*Assignment*
Where an image appears, leave it out; otherwise repeat the data exactly.

*Provided data*
···
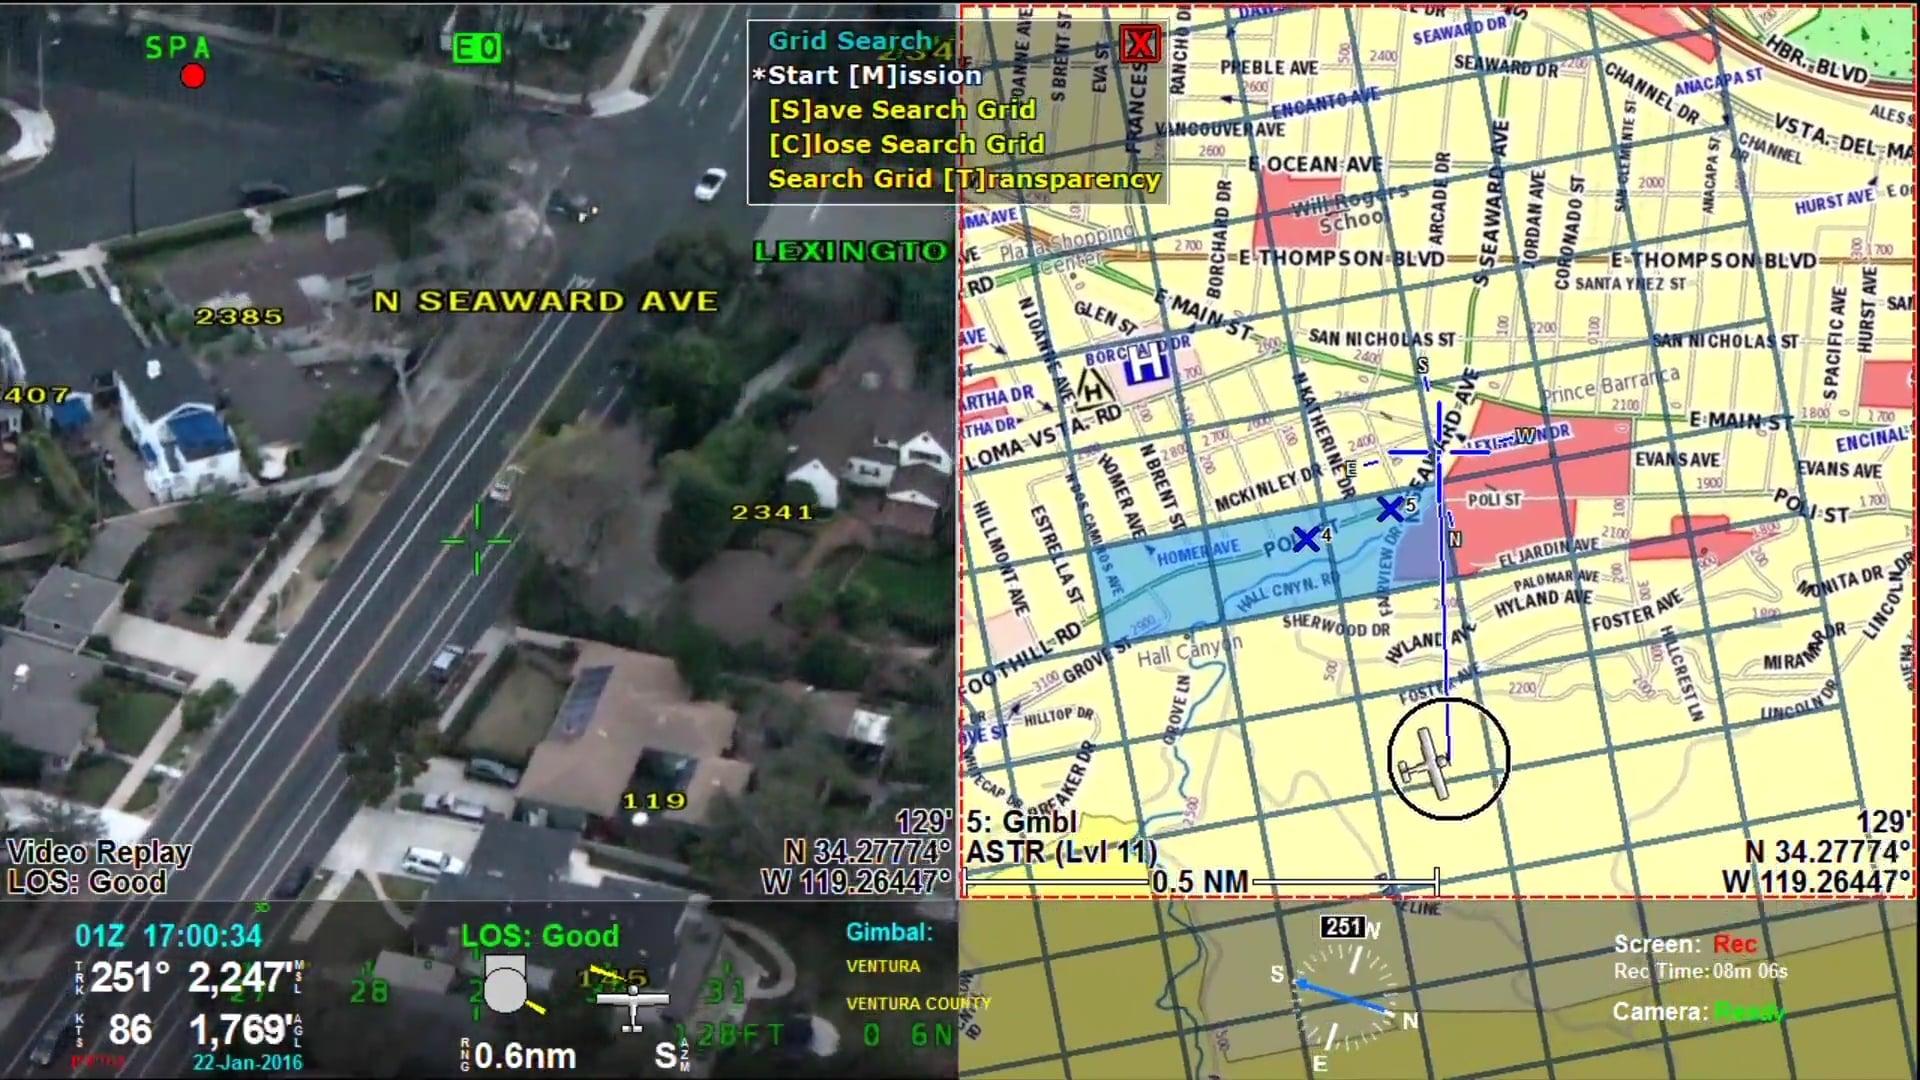 Grid Search in an Urban Environment
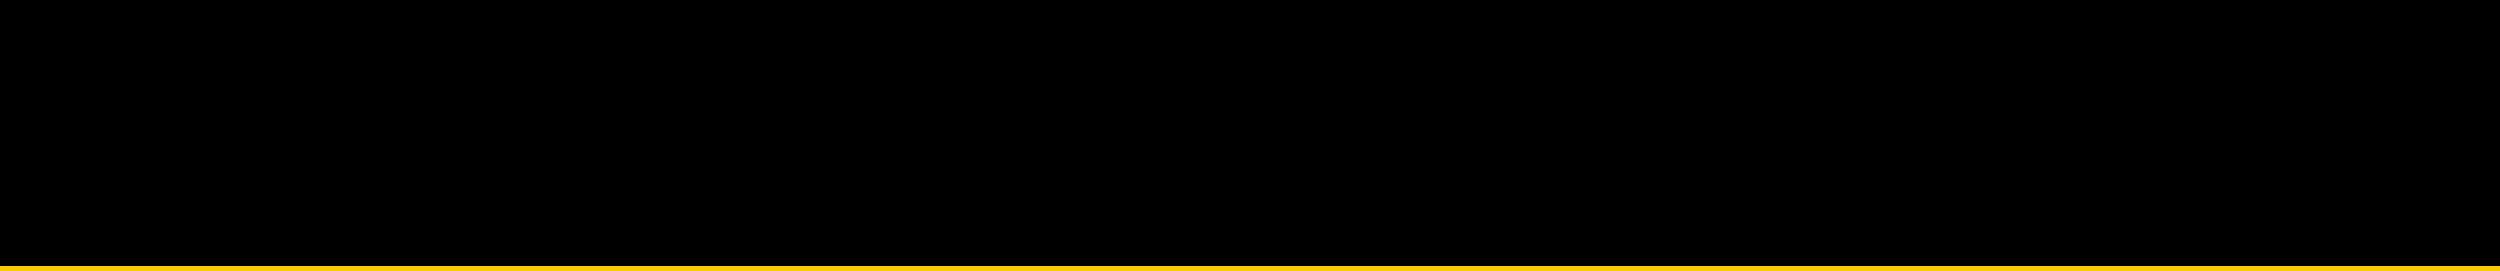 tangier-island-titles5.png
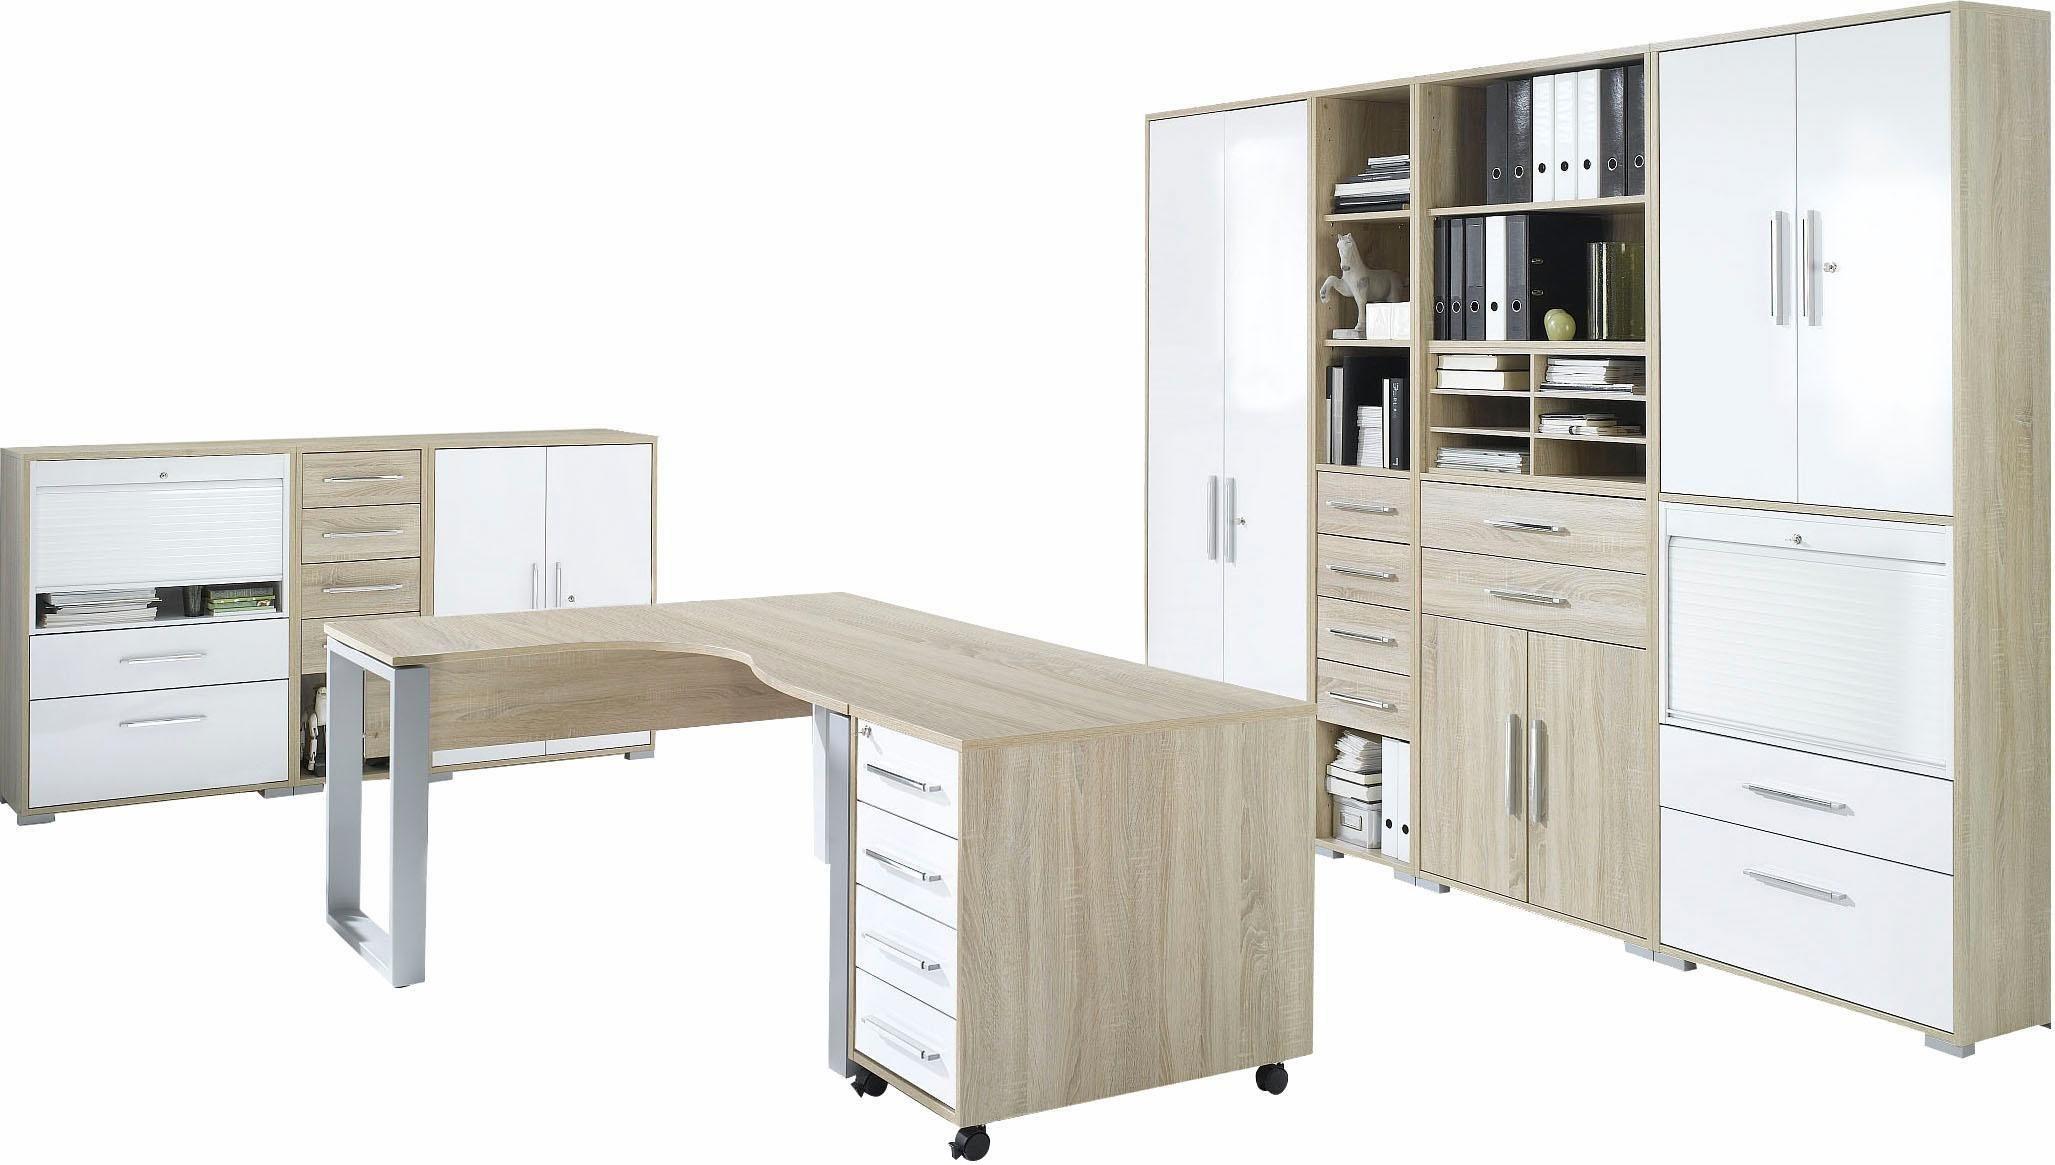 Maja Möbel Büromöbel-Set »1210 SYSTEM« (9-tlg.) | Büro > Büromöbel-Serien | Weiß | Sonoma - Eiche - Kunststoff - Abs | Maja Möbel
···
*Task output*
 Grid Search in an Urban Environment
 tangier-island-titles5.png
 Maja Möbel Büromöbel-Set »1210 SYSTEM« (9-tlg.) | Büro > Büromöbel-Serien | Weiß | Sonoma - Eiche - Kunststoff - Abs | Maja Möbel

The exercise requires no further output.